Defendants also contend, for the first time on appeal, plaintiffs’ allegations showed Garfield, Juliano, and Cavedon were agents of New U Life. As the defendants did not present this argument in the trial court, we find the argument forfeited. ( People v. Graham, supra , 102 Cal.App.5th at p. 798.)
DISPOSITION
The order denying in part the anti-SLAPP motion is affirmed. Plaintiffs are entitled to costs on appeal. MOTOIKE, J. WE CONCUR: MOORE, ACTING P. J. SANCHEZ, J.
NOTES
[1] In a footnote in their opening brief, defendants challenge the trial court’s evidentiary rulings on Warw ick’s and James’s declarations. We deem these arguments forfeited, as footnotes are improper vehicles for presenting arguments on appeal. ( Pasternak v. McCullough (2021) 65 Cal.App.5th 1050, 1058, fn. 6.)
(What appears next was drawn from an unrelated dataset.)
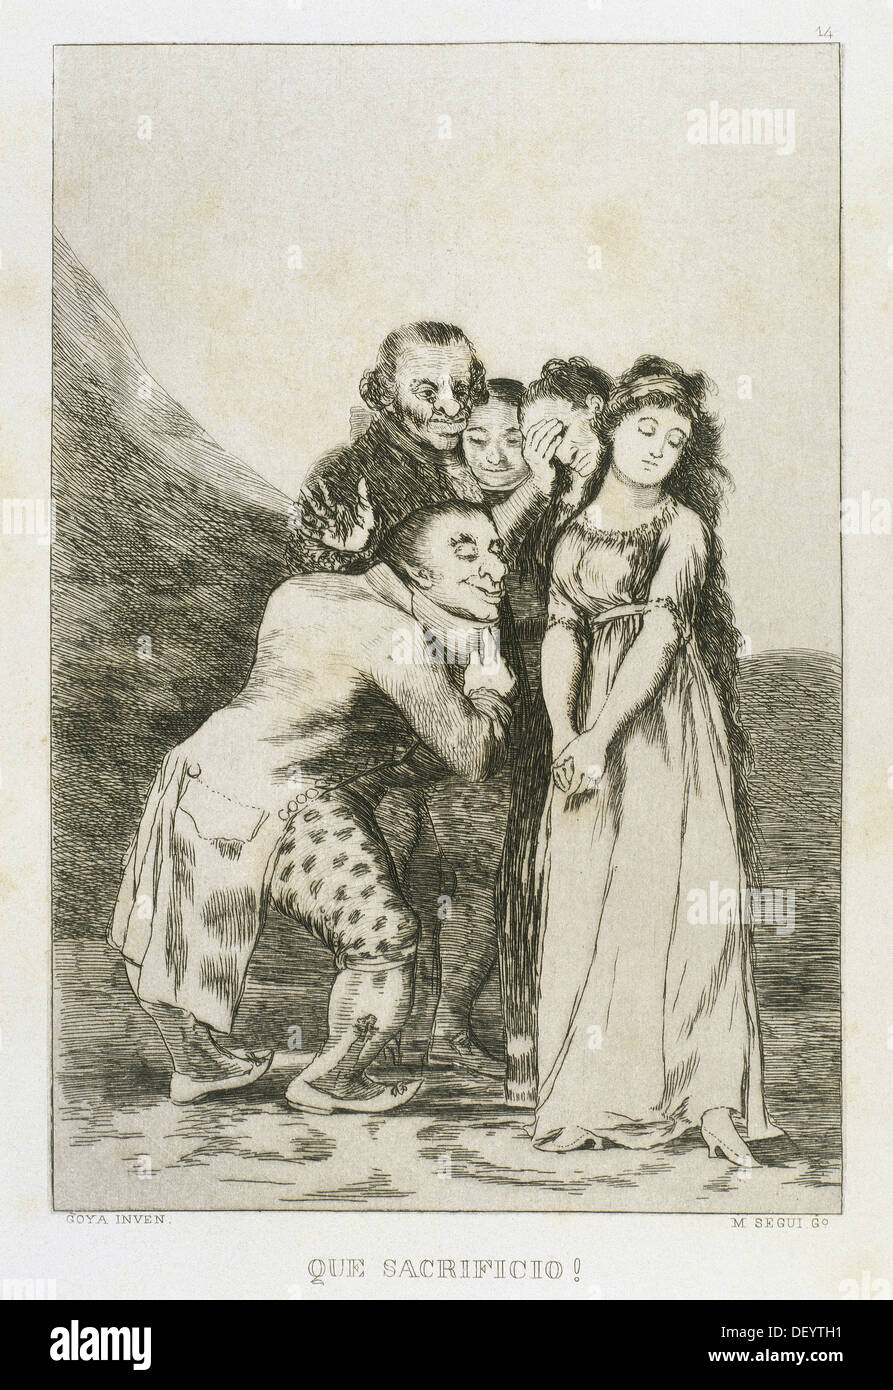 Francisco de Goya (1746-1828). Pintor y grabador español. Los Caprichos. Que Sacrificio... (Qué sacrificio...). Número 14. Foto de stock
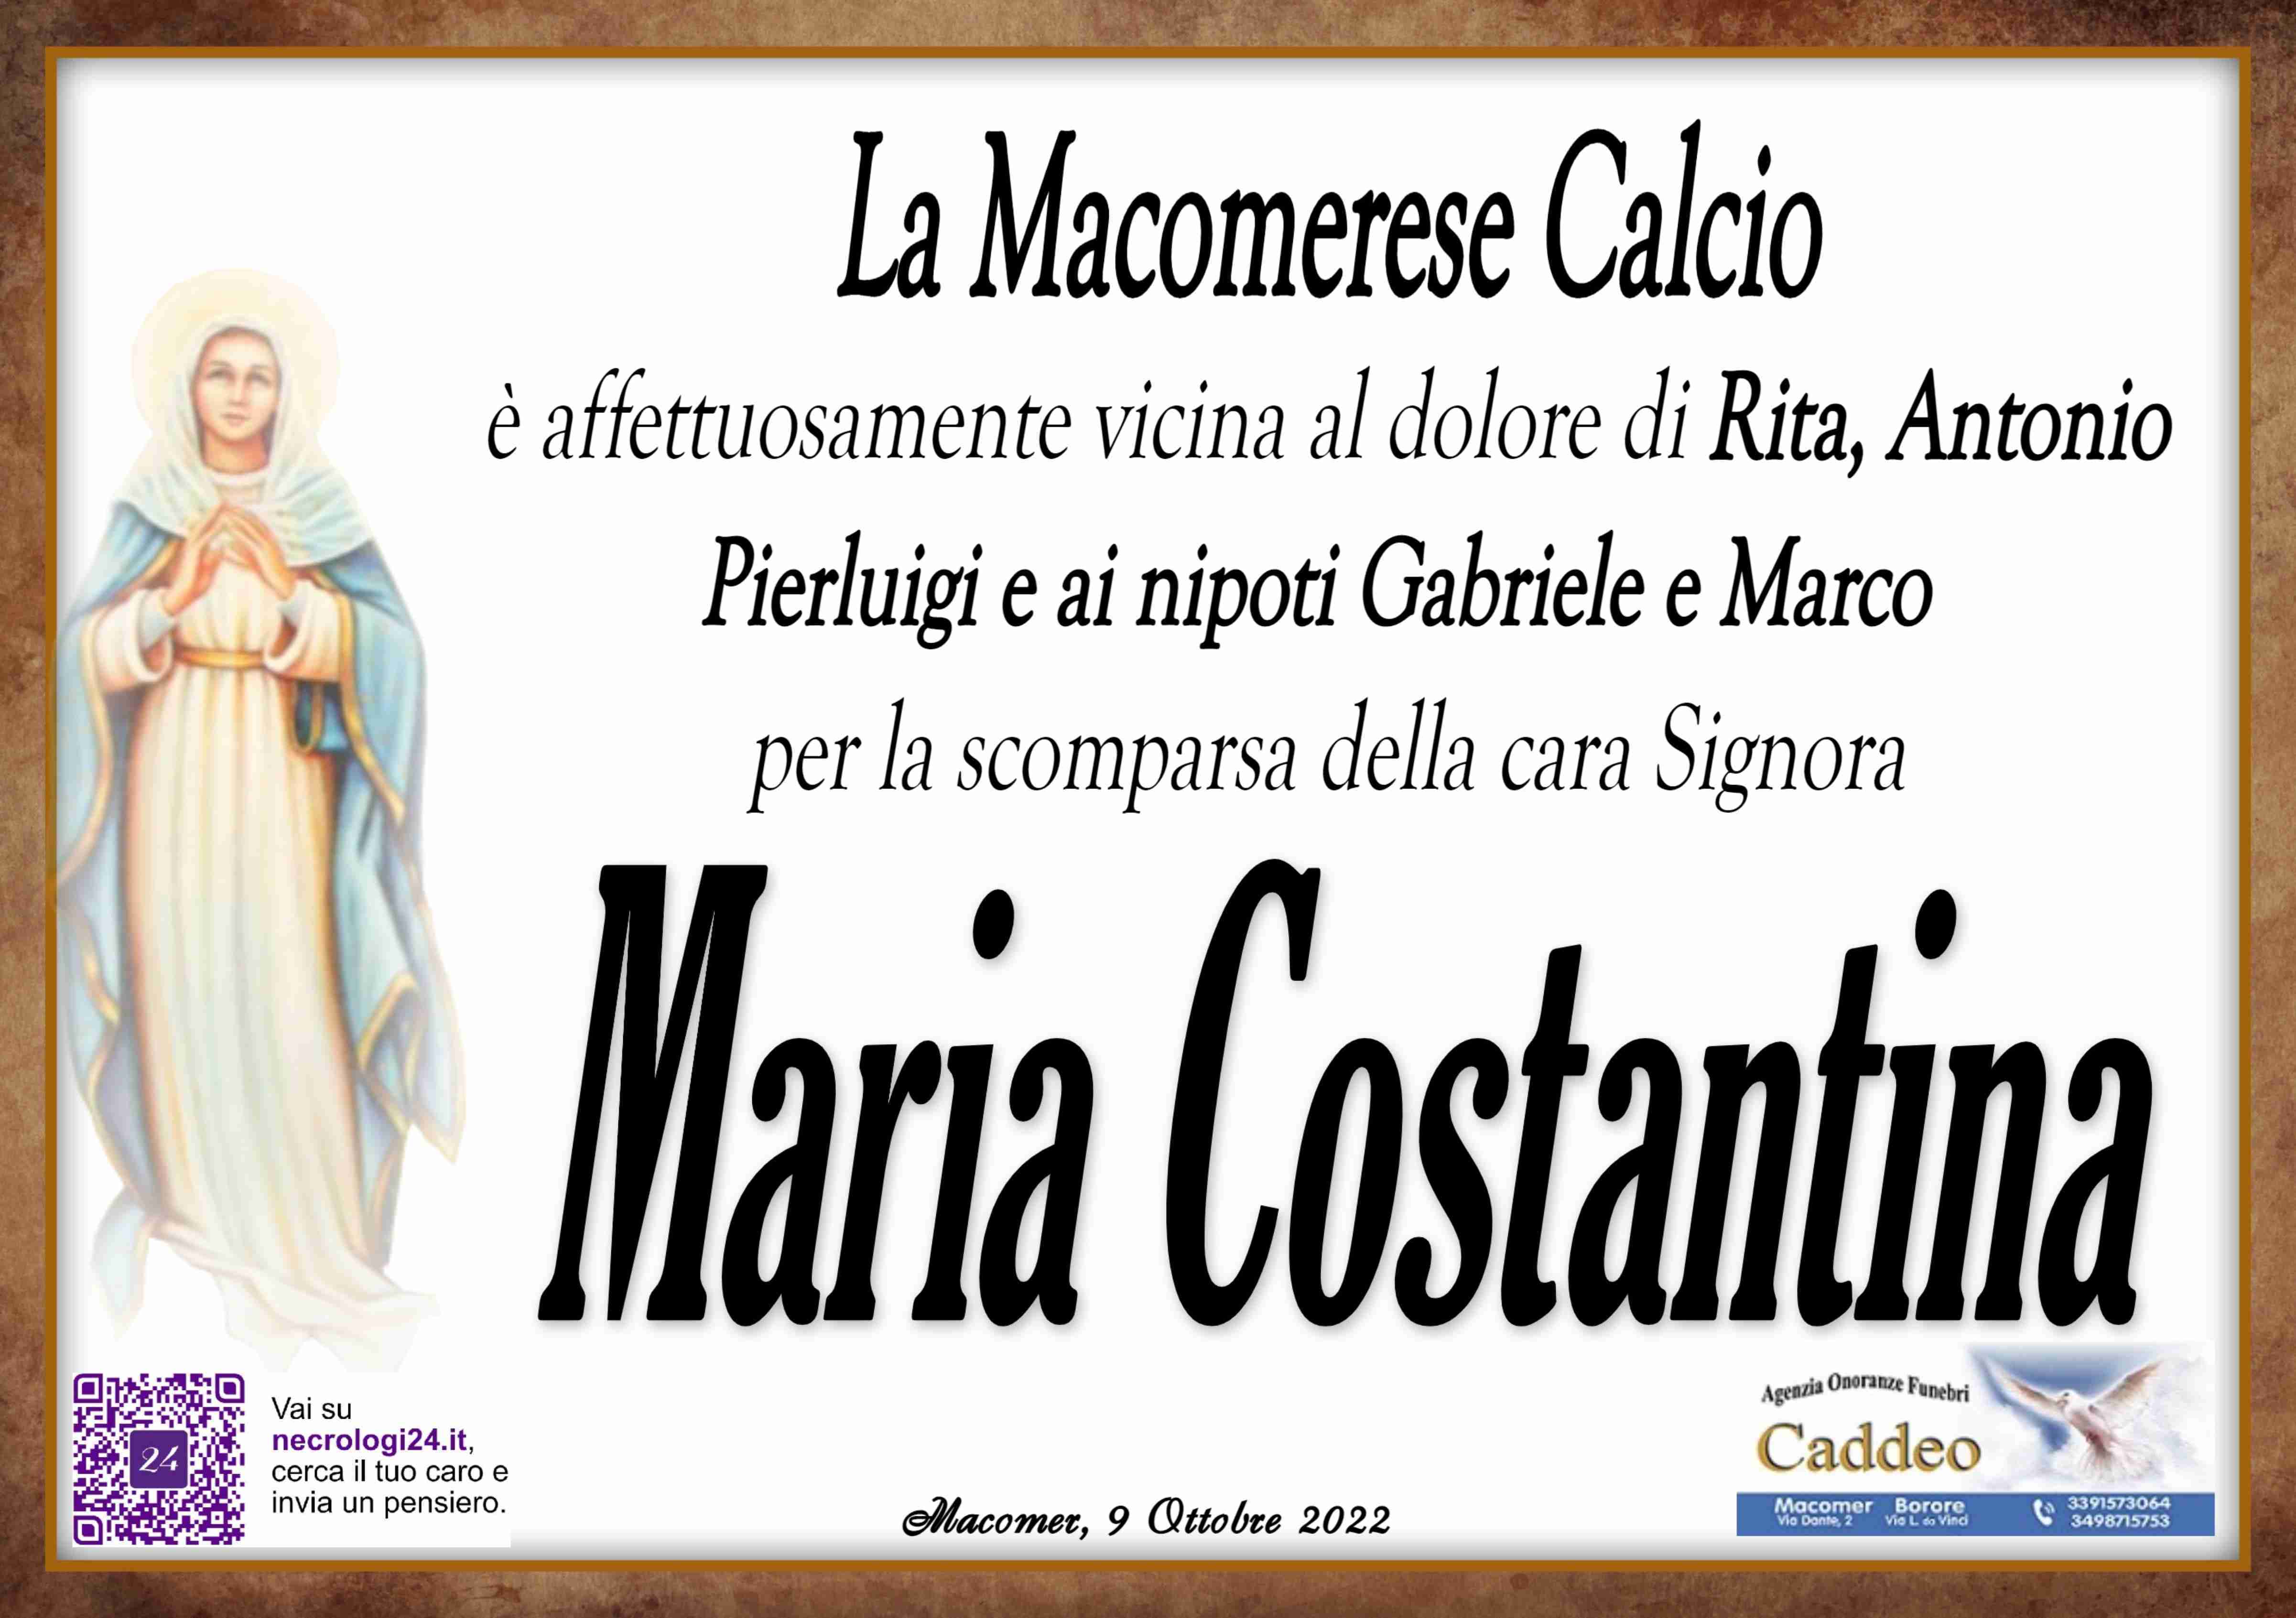 Maria Costantina Liggia

[2] “Trade libel is generally defined as ‘“an intentional disparagement of the quality of property, which results in pecuniary damage to plaintiff.”’” ( Muddy Waters, LLC v. Superior Court (2021) 62 Cal.App.5th 905, 925.) “ To constitute trade libel, a statement must be false ” ( ComputerXpress, Inc. v. Jackson (2001) 93 Cal.App.4th 993, 1010) and made with actual malice ( J-M Manufacturing Co., Inc. v. Phillips & Cohen LLP (2016) 247 Cal.App.4th 87, 97). “‘“ [T]he plaintiff must prove in all cases that the publication has played a material and substantial part in inducing others not to deal with him, and that as a result he has suffered special damages. ”’” ( Muddy Waters , at p. 925.)
[3] “Interference with prospective economic advantage consists of ‘(1) an economic relationship between the plaintiff and a third party, with the probability of future economic benefit to the plaintiff; (2) the defendant’s knowledge of the relationship; (3) an intentional act by the defendant, designed to disrupt the relationship; (4) actual disruption of the relationship; and (5) economic harm to the plaintiff proximately caused by the defendant’s wrongful act, including an intentional act by the defendant that is designed to disrupt the relationshi p between the plaintiff and a third party.’ [Citation.] The intentional act at issue must be ‘independently wrongful.’” ( City of Costa Mesa v. D’Alessio Investments, LLC (2013) 214 Cal.App.4th 358, 376.)
[4] “ To establish conspiracy, a plaintiff must allege that the defendant had knowledge of and agreed to both the objective and the course of action that resulted in the injury, that there was a wrongful act committed pursuant to that agreement, and that there was resulting damage. [Citation.] A conspiracy requires evidence ‘ that each member of the conspiracy acted in concert and came to a mutual understanding to accomplish a common and unlawful plan, and that one or more of them committed an overt act to further it. ’ [Citation.] Thus, conspiracy provides a remedial measure for affixing liability to all who have ‘ agreed to a common design to commit a wrong ’ when damage to the plaintiff results. [Citation.] The defendant in a conspiracy claim must be capable of committing the target tort. ” ( IIG Wireless, Inc. v. Yi (2018) 22 Cal.App.5th 630, 652.)